Nero:
The warrants for 2MM shares at $12 would not, IMO, be dilutive and should not keep the price down particularly since they are not tradeable. With approx 52MM shares outstanding, 2MM is less than 4%, but the $24MM it would generate and add to book value would more than offset it. The dilution, at this point, would come to the buyer since they would not be getting $12 worth of assets. I suspect that it will be a long time before book value approaches $12 a share.
The 10% of the sterile facility profits should not be worrisome. My guess is that they were a part on the cash portion of the purchase price and this was part of a compromise. The alternative, IMO, was to pay more cash up-front. This, like any note, will be paid in future dollars but, unlike a note, does not accrue interest in the meantime. Plus, the sterile facility is just a part of the plant: it is not 10% of all the profits.
My continuing concern with CTAL, even though I have been and am still long, are margins and replacement of the vanishing GLX business. If CTAL can grow margins and can replace the GLX business, then it can grow nicely. If it can't, then it has significant downside potential.

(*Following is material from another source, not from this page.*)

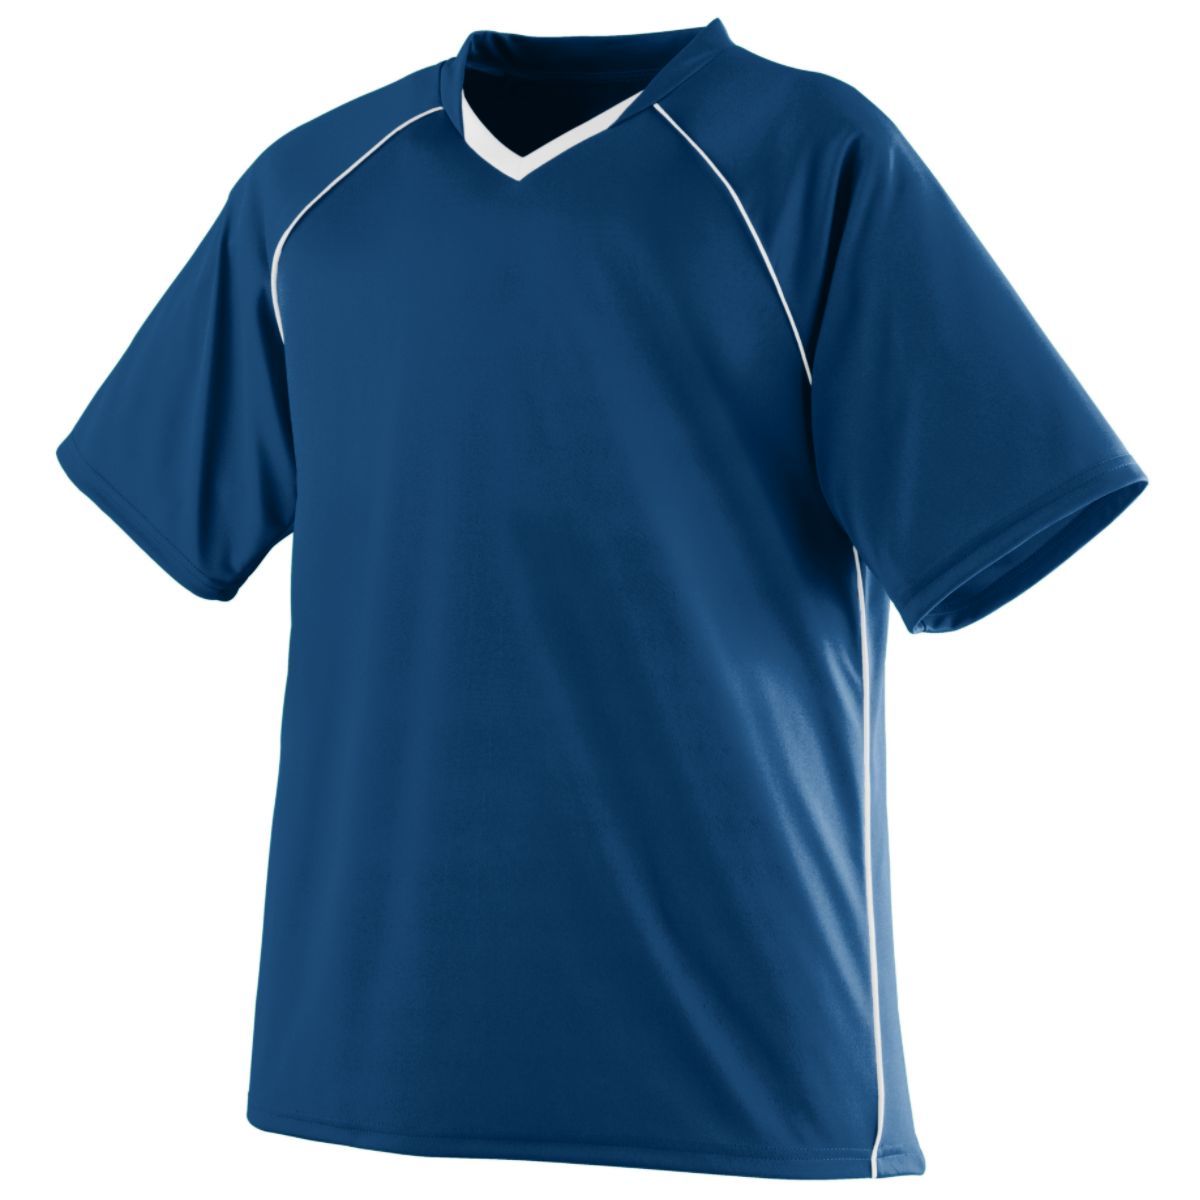 Augusta Sportswear Youth Striker Jersey in Navy/White  -Part of the Youth, Youth-Jersey, Augusta-Products, Soccer, Shirts, All-Sports-1 product lines at KanaleyCreations.com
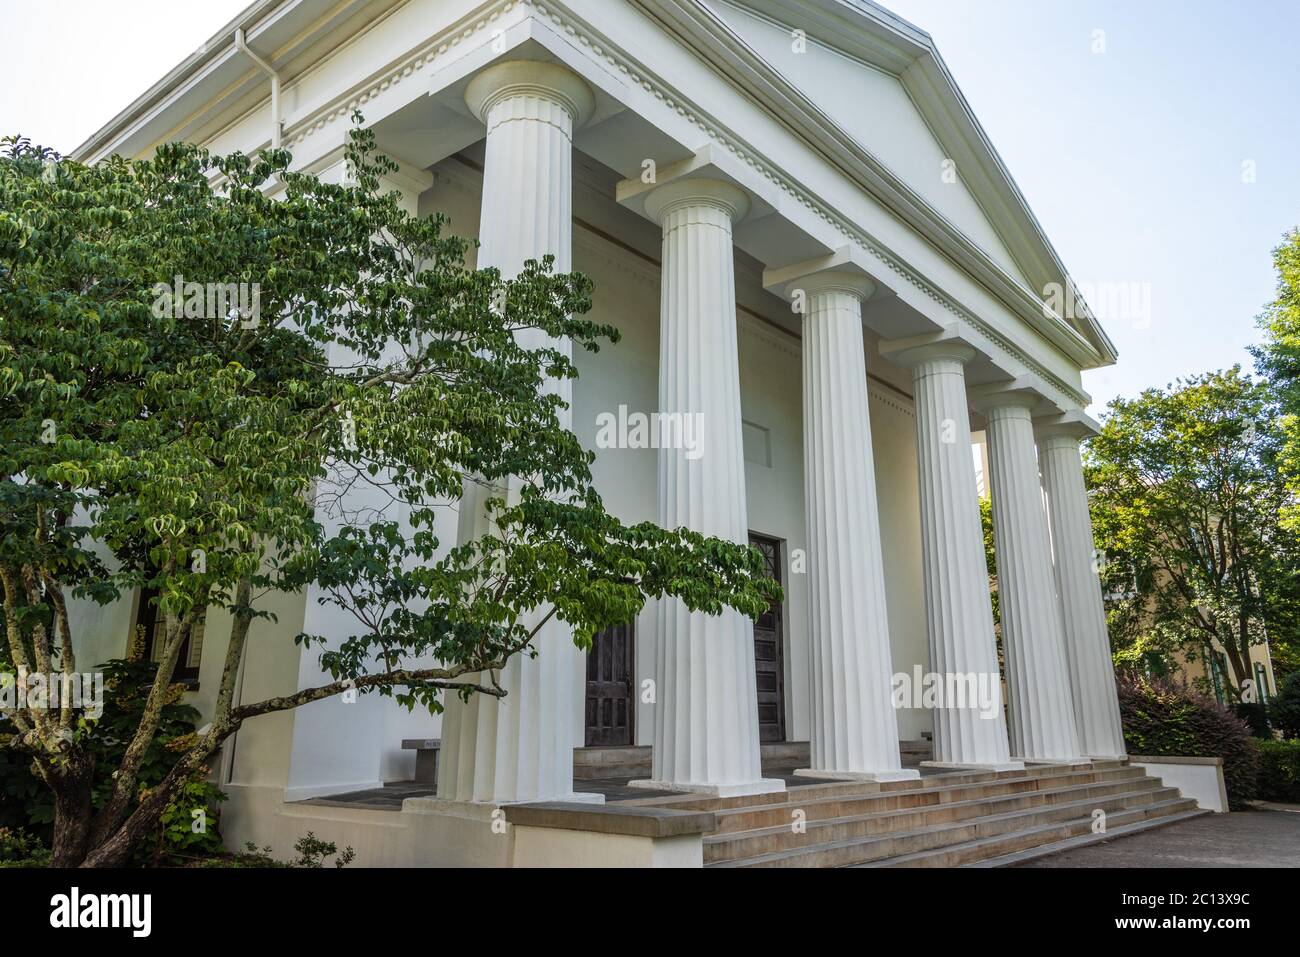 The Chapel, a 19th century landmark, built in 1832 in the Greek Revival architectural style, on the campus of the University of Georgia in Athens, GA. Stock Photo

Many people were predicting $20+ by the end of last year. It didn't happen. At least one brokerage firm has predicted $23 this year. At this point it doesn't look likely. Another analyst has predicted mid 40's within 3 years (about 2 1/2 now). It could happen but it will require more business growth than has been apparent so far.
Having said all of that, many of us are long CTAL precisely because they have been able to pull off much that many didn't expect or think was reasonably likely. The near to mid term could be flat, but this company still has bright future potential. This is especially true since Combustion will start producing revenue and earnings late this year or early next year.